README: Online tree-based planning for active spacecraft fault estimation and collision avoidance
https://doi.org/10.5061/dryad.xgxd254r1
Data and source code are presented here for our Science Robotics paper: Online Tree-based Planning for Active Spacecraft Fault Estimation and Collision Avoidance. This work develops and demonstrates the Safe Fault Estimation via Active Sensing Tree Search (s-FEAST) algorithm, which takes actions to actively diagnose faults in safety-critical settings for robotic spacecraft.

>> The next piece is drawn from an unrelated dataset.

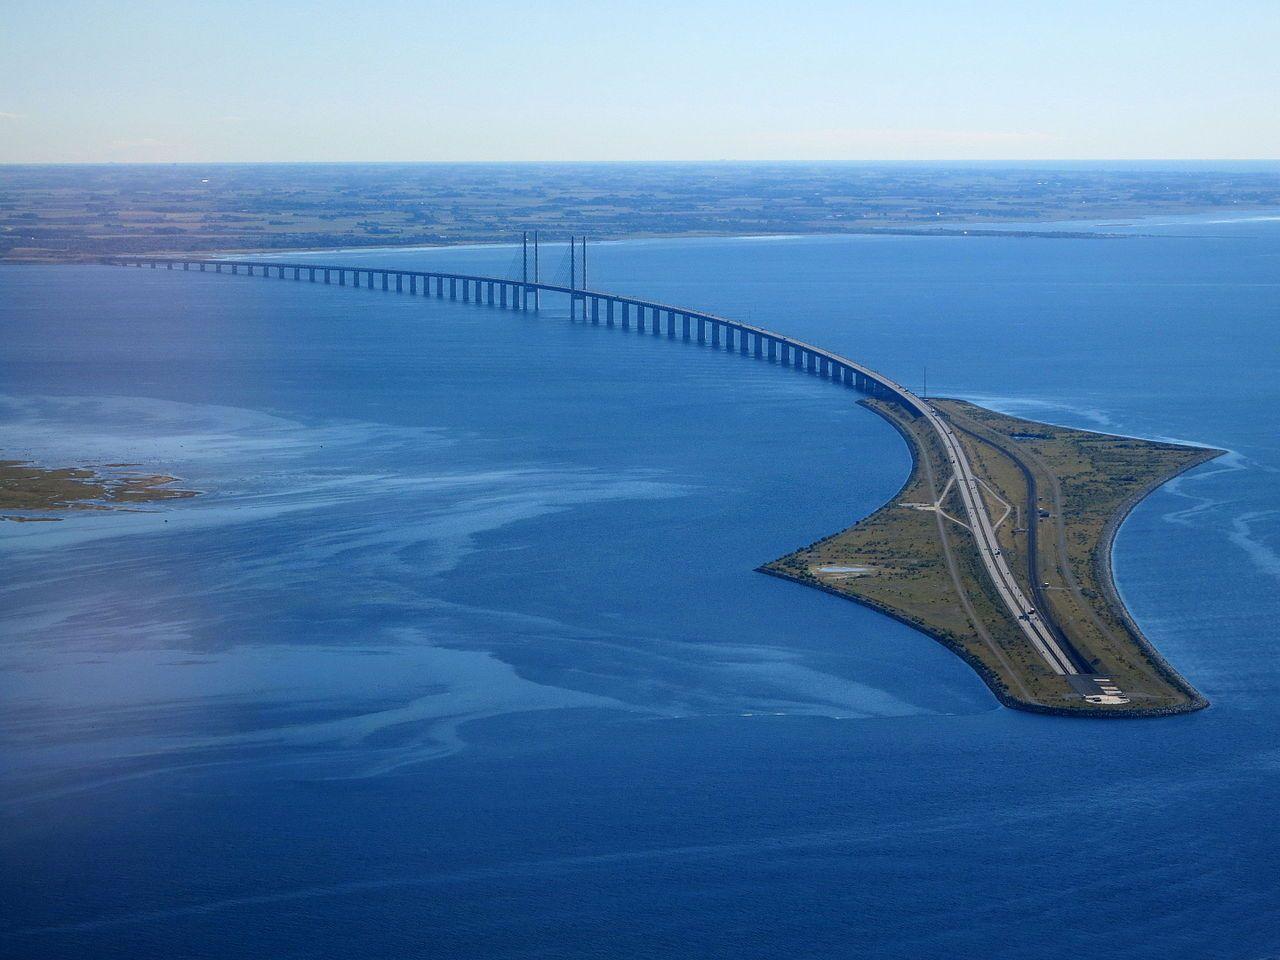 Oresund híd
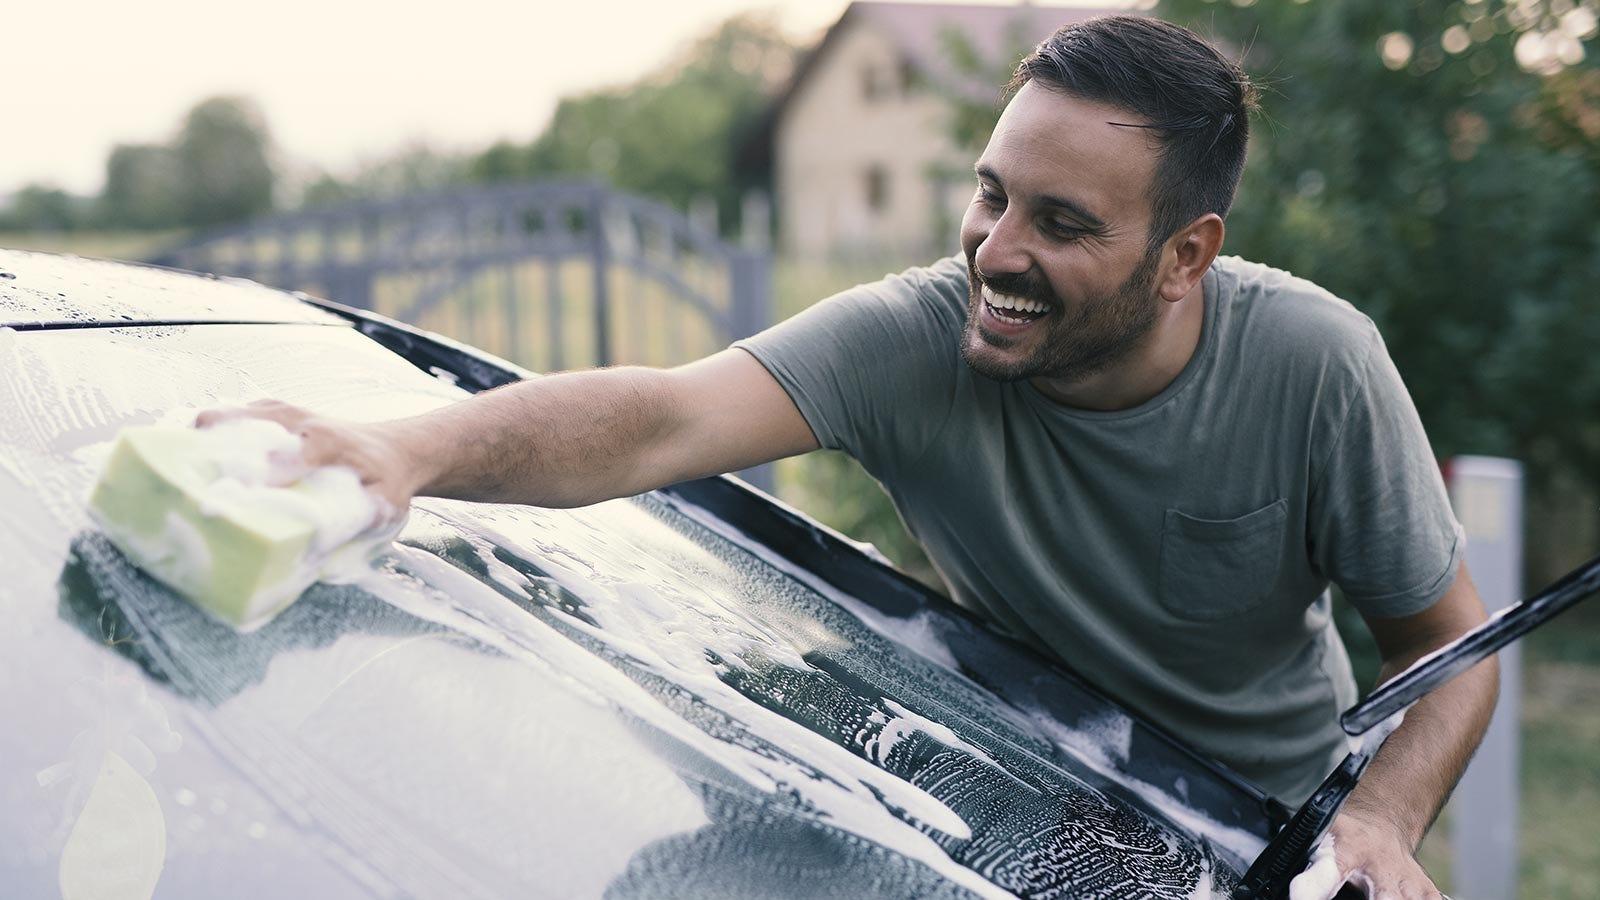 Man washing his dad's car.

A video overview which accompanies our paper can be found below. It presents our hardware experiments which demonstrate that the simultaneous fault estimation and constraint evaluation of our algorithm is necessary to maintain safety in time-critical scenarios. The video also provides a visual summary of how our algorithm operates.
Data
The primary data and code is stored in the s-FEAST.tar.gz
tarball and can be extracted by tar -zxvf s-FEAST.tar.gz
on linux systems. Supplementary data for the high noise 2D double integrator expeirment of Figure S2 is stored in figureS2DoubleIntegrator2DHighNoiseExtended.tar.gz
and can be extracted in a similar fashion. (NOTE, the source code and data are packaged together in the "Data" section, as the data should be ready to go to reproduce plots, with absolute paths changed in the jupyter notebooks as needed).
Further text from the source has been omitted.